Modern sports heavily rely on statistics. Alongside trainers, physiotherapists and doctors, data analysts have become a vital part of a sports team. They collect and analyze data gathered during training and competitions to uncover patterns and variables which help sportsman reach best results. In team sports (football, volleyball or basketball) this kind of insight is most beneficial.
At the recent hackathon we gave our participants a possibility to become such analyst, evaluating Kobe Bryant's 20-year career to find out from which angle he has the best shot accuracy.
Participants were given a dataset containing records of all shots Kobe Bryant ever attempted (whether successful or not) – an impressive number of over 30.000 shots. Each shot was described by 25 features like type of shot (action type), distance from the target, name of the opposing team, position on the field, etc. Plus a field with the result of the shot – with 4.500 shot attempts for which the outcome was not labeled.
The challenge? Teams were asked to provide success probabilities of the non-labeled shots. In addition: find out from which angle Kobe had the most shot accuracy. The quality of the scoring was measured using a log loss and the shot accuracy using our famous applause meter.
This meetup we were happy to welcome many young and curious adepts of data science ready to put their skills up for a challenge. To make sure they could make the best of the evening they were paired with more experienced participants.
As the challenge started and I made my first round across the room, I noticed that most of the teams took a similar approach and diversified their resources. And so, part of each team focused on visualizing data at hand, whereas the others started to develop a model. The idea was that the visualization may provide some insight into how to improve the model, by pointing to the variables of the highest relevance.

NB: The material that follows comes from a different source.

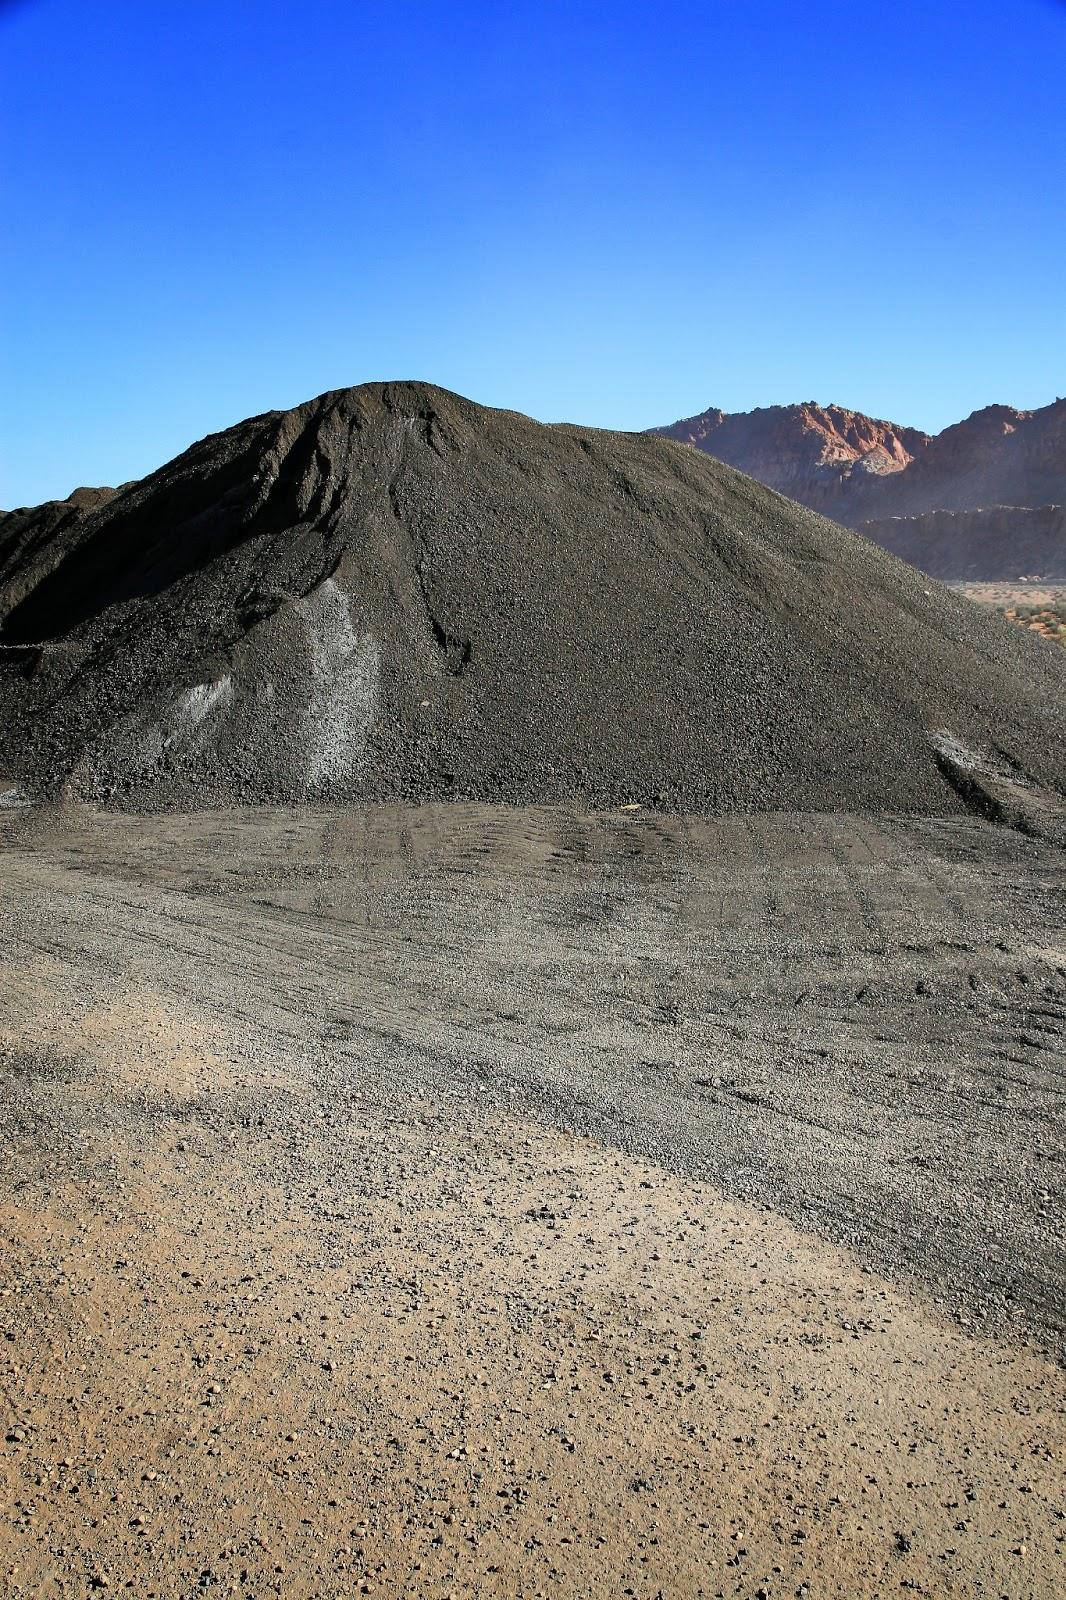 Mound of reclaimed asphalt pavement
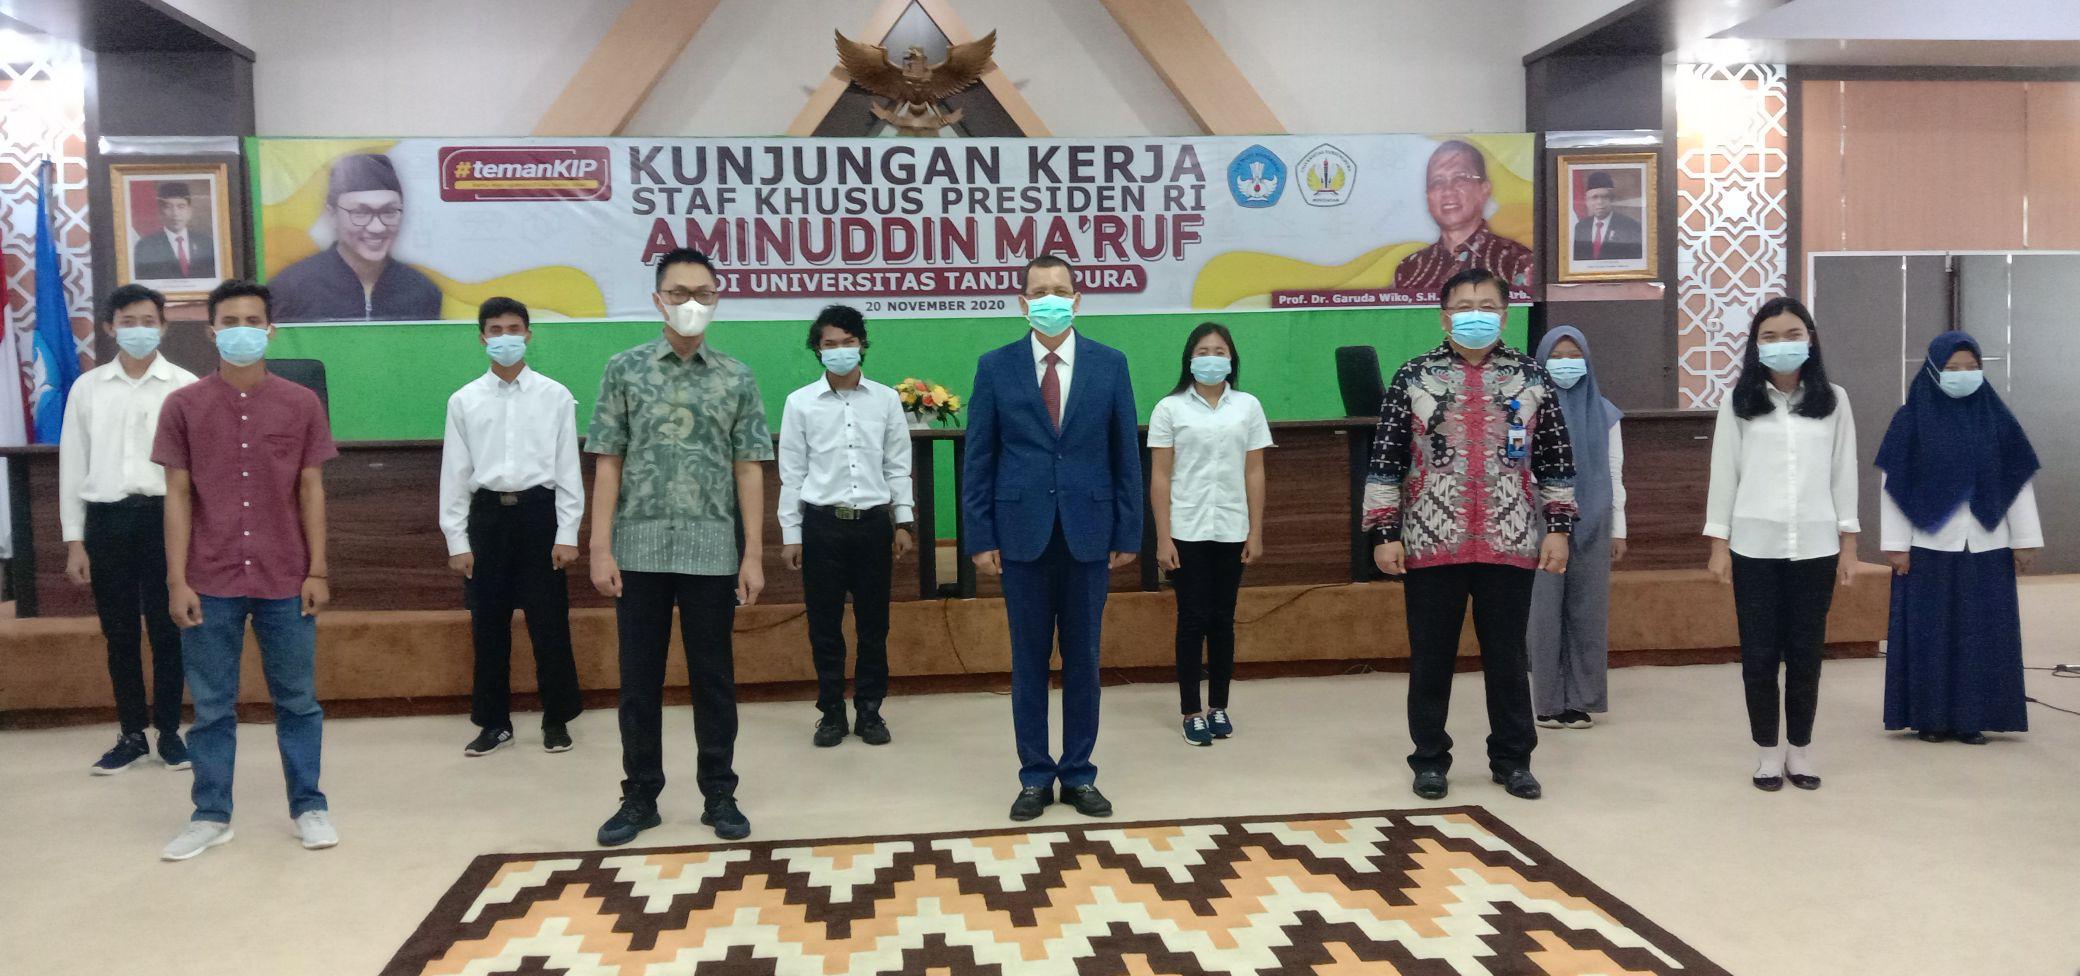 Staf Khusus Presiden RI, Aminuddin Ma'ruf mengunjungi Kampus Universitas Tanjungpura Kota Pontianak, Kalbar, Jumat 20 November 2020

Analytics tools used included Python plotting packages (matplotlib), Pandas library, as well as Splunk. However, no matter which tool was used, it all painted the same picture: action type was the most predictive variable and a short distance from the target increased Kobe’s chance to score.
As for team members who were responsible for model building they all started by cleaning their dataset. Most of the teams removed all non-predictive variables such as game_id and shot_id. One of the teams was so effective at it that they run their model with only one variable: action type. While indeed that variable had the most predictive value (one team estimated it at 31%), by itself it wasn’t sufficient to accurately predict success of a shot.
Others tried to expand their dataset by creating derived variables, such as 'games played in the last 14 days'. At the same time, they reduced the number of categories by aggregation. Unfortunately, this approach proved to be too ambitious for such a short time.
Another team took a very systematic approach of analyzing each variable’s relevance using caret package in R. This approach resulted in 0,607 log loss score, good for a very proud second place!
When it came to building the model, most of the teams relied on simple, effective solutions, such as linear regression, XG Boost and/or random forest. No matter which approach was chosen, action type always stood out as a variable of highest relevance with dunking shot being the most successful type of shot.